Thankfully, having a beginner mode for those who are here to simply blaze through the great plot line, makes for an enjoyable experience in this title. For myself, playing the story, and learning the it’s unique style of mechanics introduced, bought me hours of fun, that made me understand how everything molded so perfectly. Once understanding how you can time single turns and landing your combos with your team mates, made me smile intensely at times. It’s an amazing thrill ride that you rarely find in many RPG’s out there. Being a massive fan of Persona, makes me appreciate the plot line of high school students, attempting to escape a virtual world, that blurs the lines of “what is reality?”. There were moments in the game, where I may have experienced some small frame drops, but once again, nothing noteworthy to take you out of the experience.

There is a simple and clean design of this title. Bringing the world of Mobius to life, can come off somewhat plain at times, but can also have eye popping moments that wow you. It’s the moments in the “battle arena” that really lack any imagination for design. I felt that placing a battlefield in the middle of an area with a “glitched out” virtual world around you could come off as a cheap way out of giving you a uniquely designed experience, every time. However, let’s be frank about this, RPG battles are made for defeating your opponents, and there is that feeling that you are entrapped in a virtual dome of battle of no escape. I found this method in design to be exceptional, but somewhat enjoyable at the same time. The old saying “less is more”, and I believe it applies in this case.

I love the character designs in this game. The art style of each character brings forth their unique charm, and personality. It’s typical in design of Anime and Manga based characters to know who your hero, and villain are, and The Caligula Effect nails that perfectly here. Roaming Mobius and being introduced to each person, an having their art work come in full display on screen with dialogue below, makes me appreciate the design work put into the title. If there is a gripe I do have, it’s the cell shading work, on the 3D model renders used during gameplay. This may have to do with lighting in the game, but it’s nothing that takes me out of the experience completely. It can come off as a little rushed when cell shading is simply slapped directly onto models, rather than in-game rendered shading working it’s virtual magic on characters shine through.

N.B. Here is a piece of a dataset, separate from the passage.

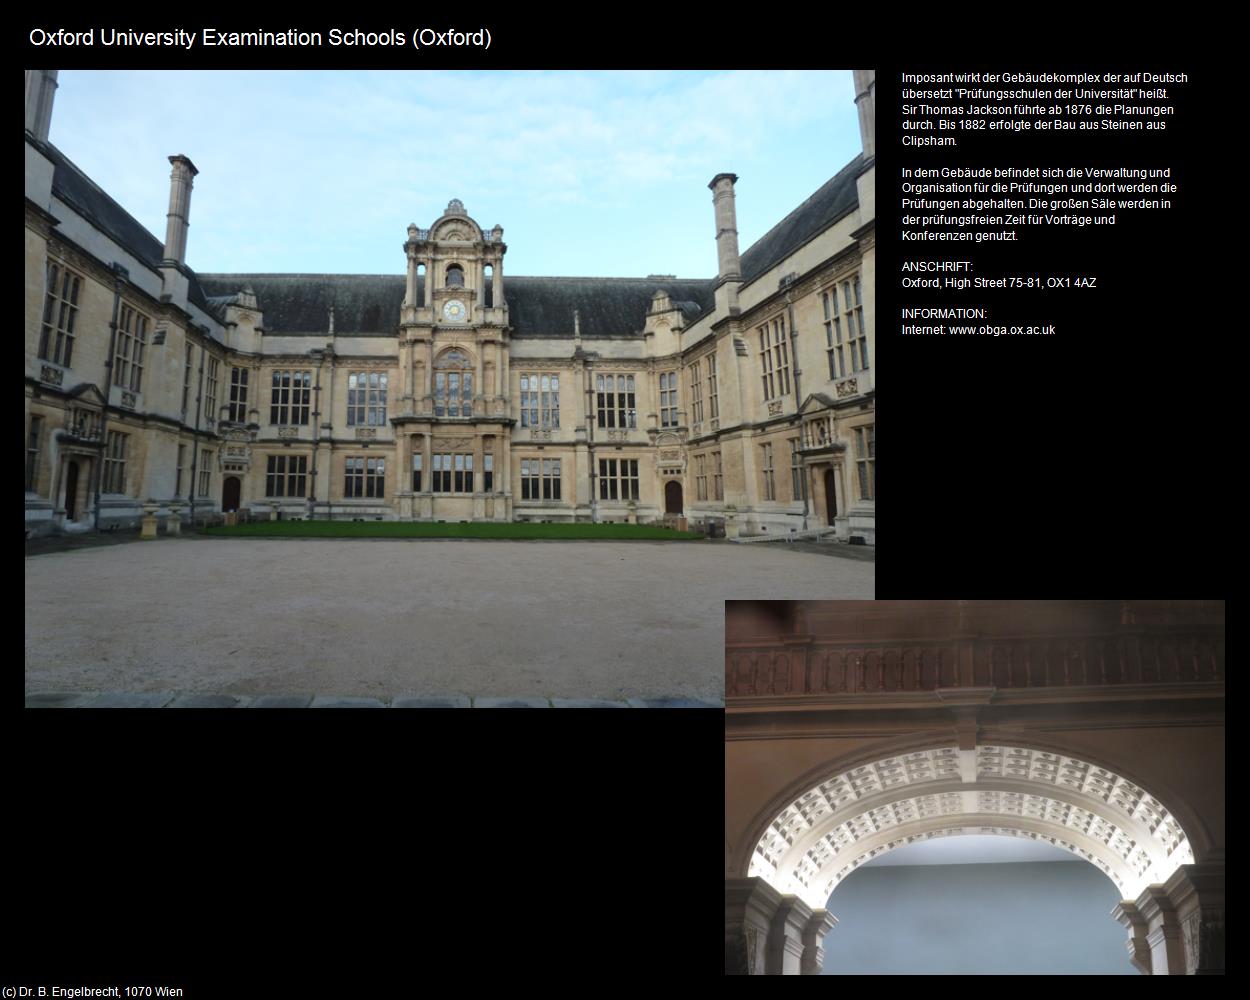 Oxford University Examination School (Oxford, England) in Kulturatlas-ENGLAND und WALES

For anyone who enjoys the tunes of an amazing Japanese soundtrack, The Caligula Effect: Overdose, will not disappoint. The game is composed of over 5 hours of music, that has been written by some of the best in the industry, even with tracks that have been lyrically adapted to fit battles in game (that is, if you understand Japanese). Personally, being a fan of dubbed Anime and game titles, I do find having fully voiced games in Japanese without a dub somewhat jarring, but nothing I can’t live with. Of course, just being lucky enough to have a fully translated westernised title like this, makes us lucky enough to experience it outside of it’s country of origin. That being said, a fully dubbed version of the game would definitely be on my radar if it were ever on the cards.

In the 25 hours of playing The Caligula Effect: Overdose, I must say I came out of this experience somewhat surprised, and satisfied. I genuinely did feel that the game did get me emotional as it wrapped up in the final chapter of this great story. It personally resonated with me, as someone who struggles with facing their personal shortcomings, but tries their best to overcome them, even with adversity standing in their way, with strength, passion, and desire. It may start a little rough around the edges at first, but the title came through for me after getting through that first hurdle. It definitely has left a lasting impression, and still has me thinking after completing it.

The Caligula Effect: Overdose (2019)
– Bandai Namco Australia

A Review code was supplied by Bandai Namco on PlayStation 4, for this review.

The Caligula Effect is a role-playing video game developed by Aquria. It was released for the PlayStation Vita in Japan in June 2016, and by Atlus USA in North America and Europe in May 2017.